Wi-Fi 6 enters steep growth phase far outpacing 5G, says IDC

Originally Appearing in Wi-Fi Now, Author: Claus Hetting (Wi-Fi NOW Chairman & CEO), May 30, 2019

The commercialisation of Wi-Fi 6 is entering a phase of steep growth and will reach more than 4.5 billion chipset shipments in 2023, said IDC Research Director Phil Solis at Wi-Fi NOW USA earlier this month. In comparison the number of 5G systems shipped will be only a few hundred million during the same period. Wi-Fi 6 chipset revenues will also exceed those of 5G, Solis said.
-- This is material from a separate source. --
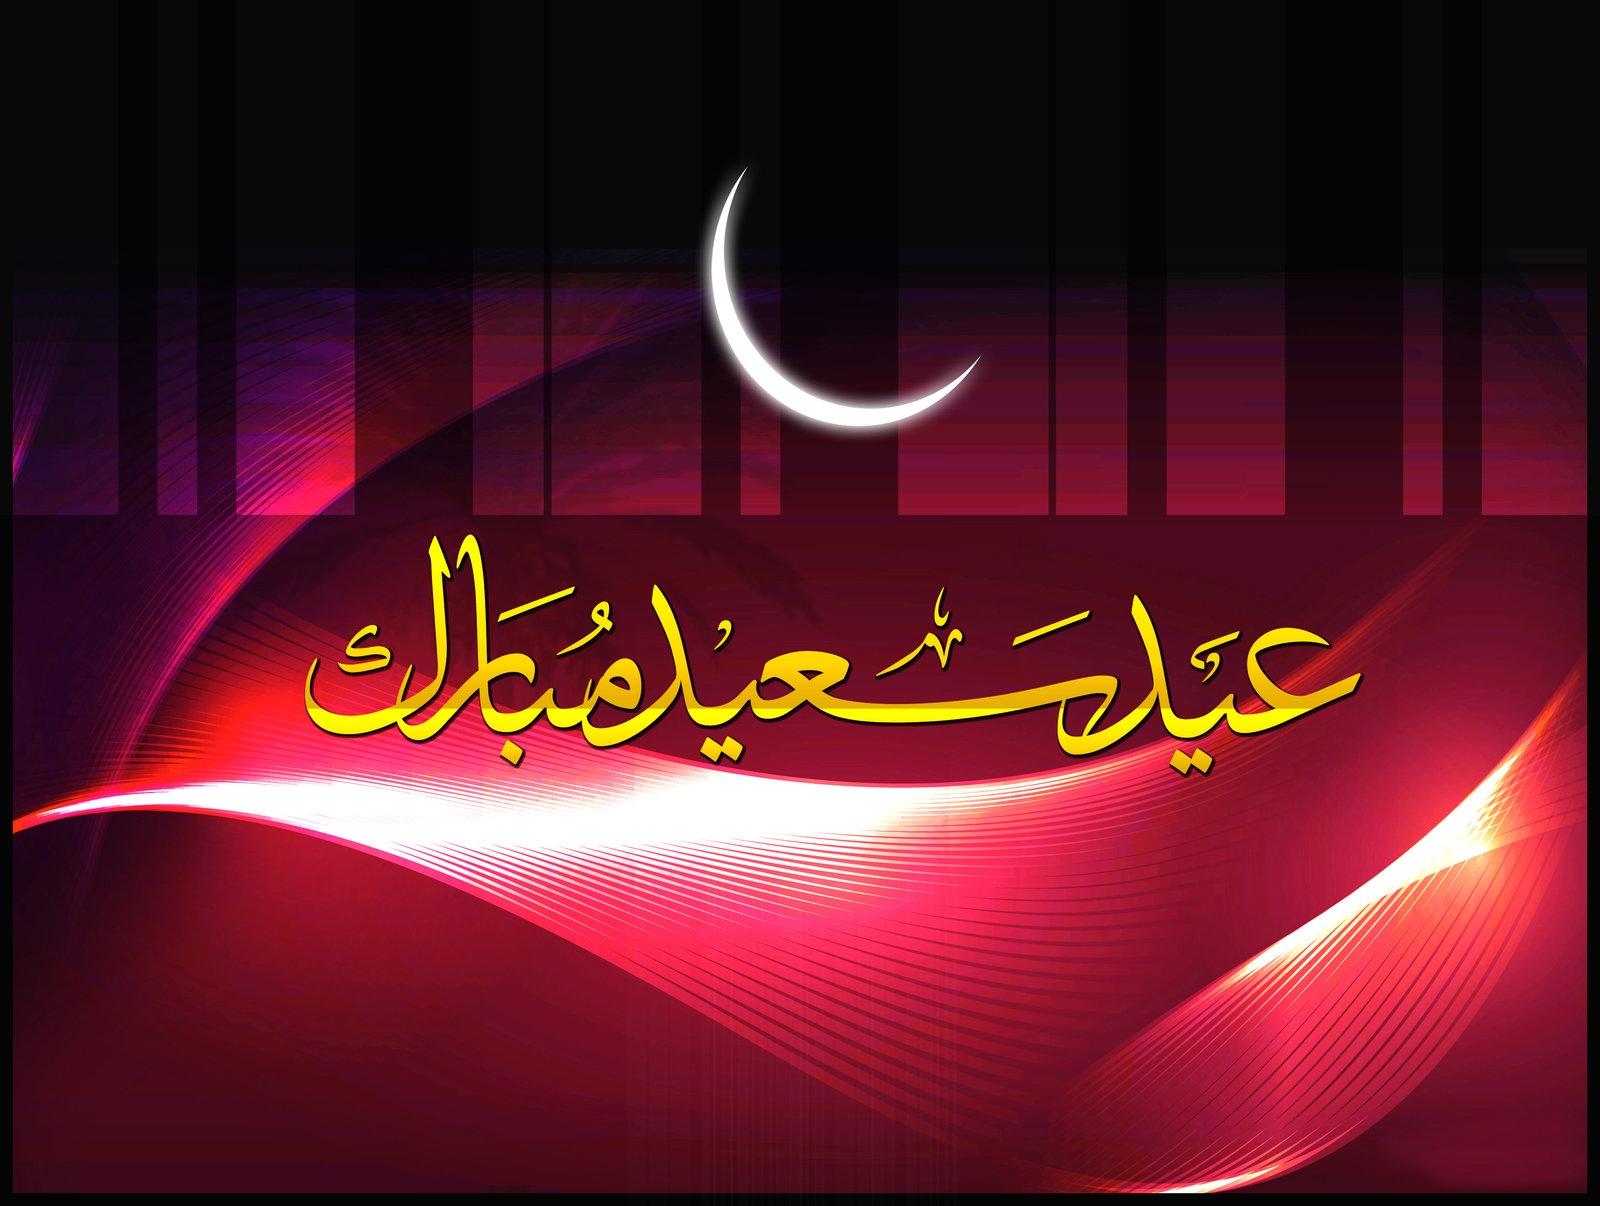 Free Eid Adha Mubarak Greetings Card

How will the new Wi-Fi 6 standard fare during the next few years? According to Phil Solis, Research Director at IDC, Wi-Fi 6 will replace legacy Wi-Fi 5 (802.11ac) systems at a record pace, completely superseding Wi-Fi 5 by 2023. “Wi-Fi 6 is the most flexible Wi-Fi standard ever, spanning from simpler, low-cost chips to more complex, high-end solutions,” Phil Solis said.

Phil Solis revealed fresh Wi-Fi market data at this year’s Wi-Fi NOW USA conference and expo in Washington DC earlier this month. Solis also said the overall Wi-Fi chipset market is expected to continue on a growth trajectory of 5-7% a year while Wi-Fi 6 proceeds to chew big bites out of the legacy Wi-Fi 5 market. The Wi-Fi 6 replacement of 802.11n will proceed more slowly, he said.

Wi-Fi 6 is of course already widely recognised as a big market opportunity. But what may come as a surprise to many is that Wi-Fi 6 chipset revenues are expected to exceed even 5G chipset revenues towards 2023, Solis said. Meanwhile IDC projects that system shipments for all cellular technologies will exhibit a growth rate of close to zero during the next four years.

Phil Solis also said another new Wi-Fi standard – presumably (but unofficially) to be named Wi-Fi 7 – will enter the markets at around 2023. Wi-Fi 7 will support the use of any spectrum from zero to 7 GHz, include full duplex transmit & receive, expand channel sizes, and introduce massive MIMO.

Wi-Fi chipset shipment forecast by IDC towards 2023.